→ **Task brief**
Write the data out again, character for character, with no images.

**** Material provided ****

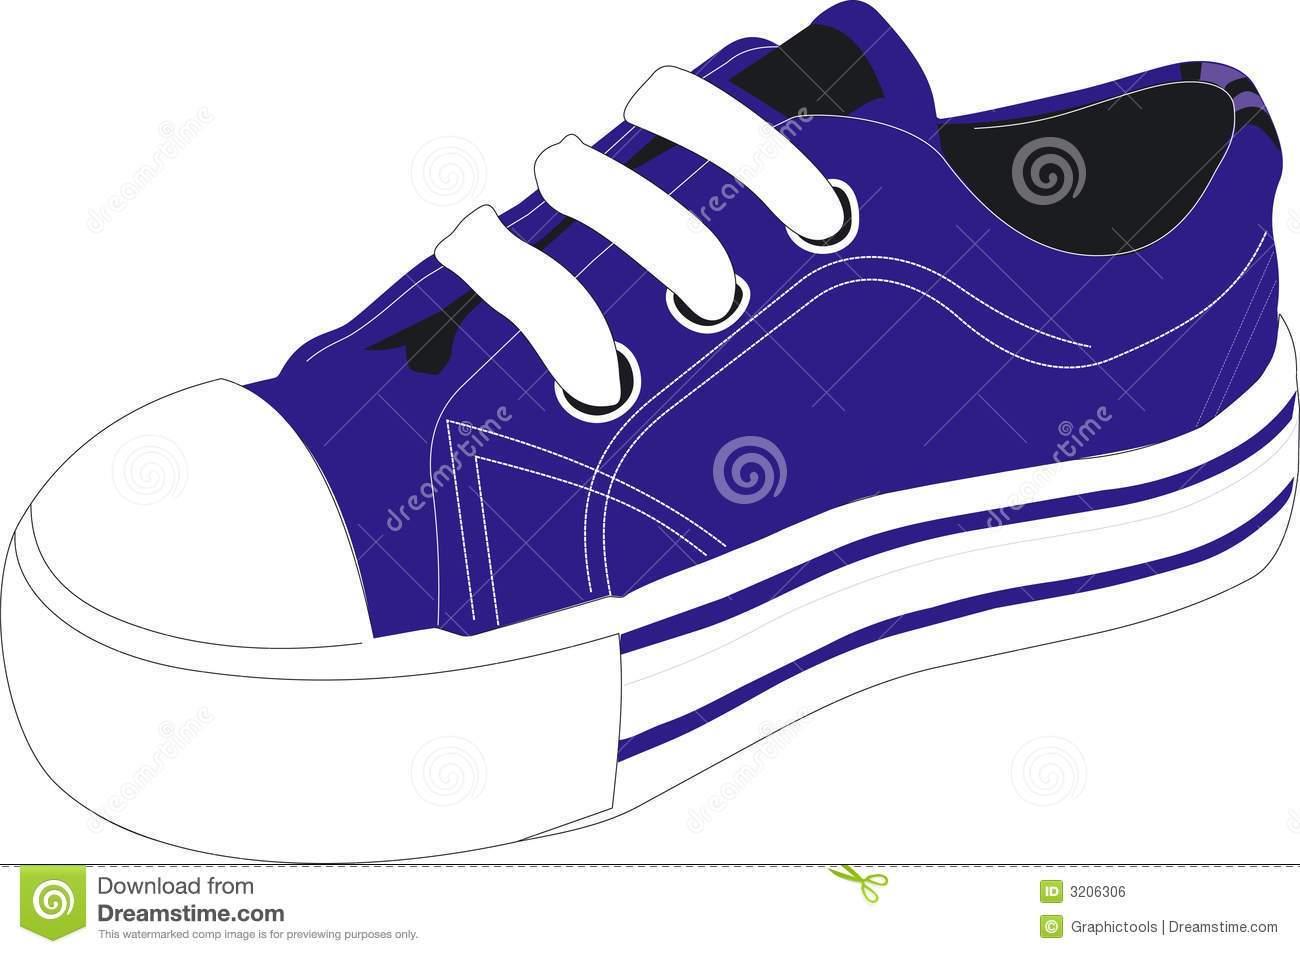 Blue shoes clipart 1 » Clipart Portal.
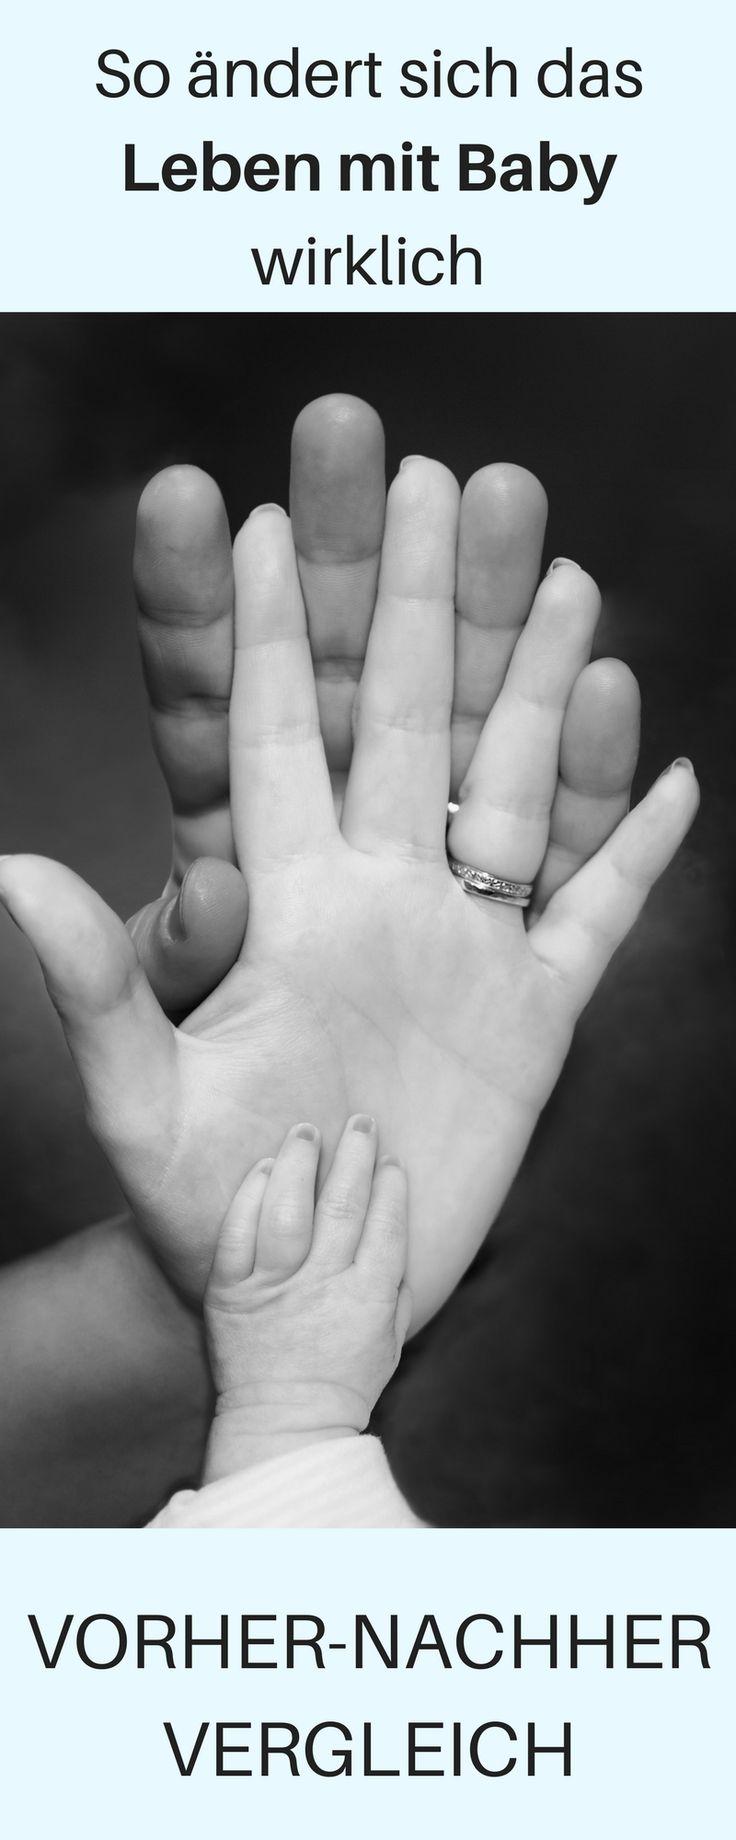 Leben mit Baby – vorher nachher – das ändert sich wirklich! ♥ – ♥ Der große Baby und Kleinkind Ratgeber ♥
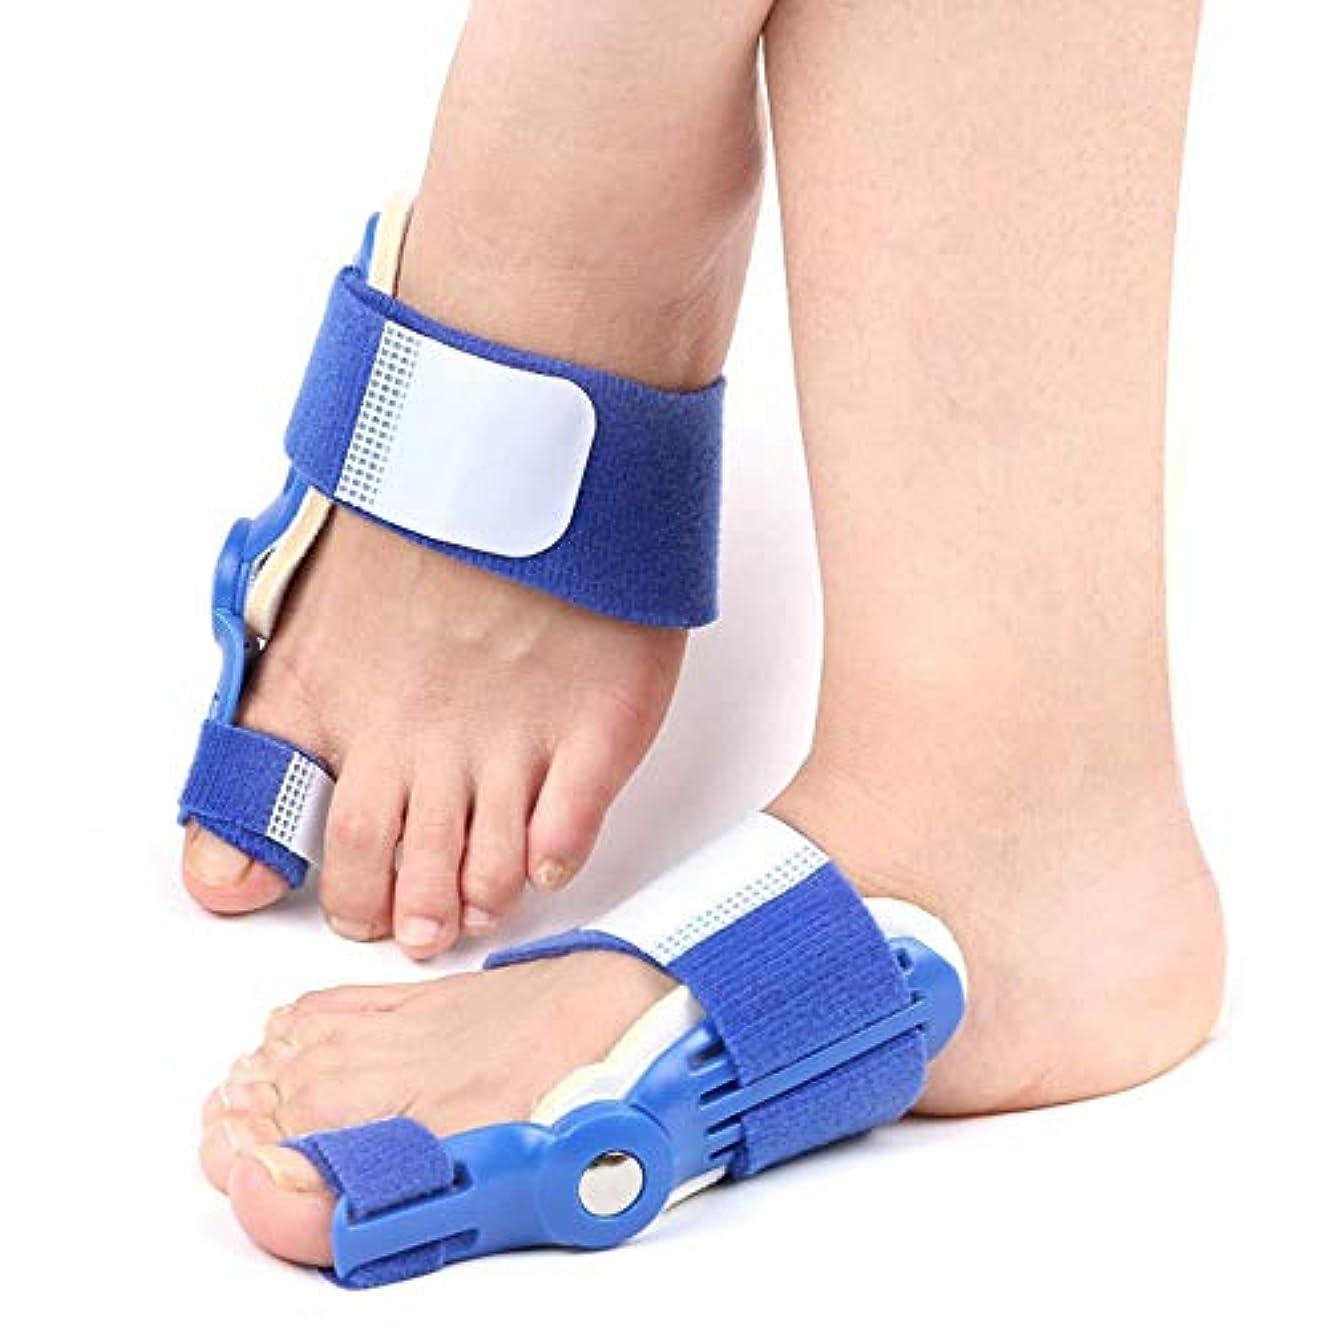 ましいニッケル報告書腱膜瘤矯正、足の親指のアライメント矯正矯正外科的疼痛緩和と腱膜瘤のサポートなしの腱膜瘤治療

****

→ **Solution for this problem**
 Blue shoes clipart 1 » Clipart Portal.
 Leben mit Baby – vorher nachher – das ändert sich wirklich! ♥ – ♥ Der große Baby und Kleinkind Ratgeber ♥
 ましいニッケル報告書腱膜瘤矯正、足の親指のアライメント矯正矯正外科的疼痛緩和と腱膜瘤のサポートなしの腱膜瘤治療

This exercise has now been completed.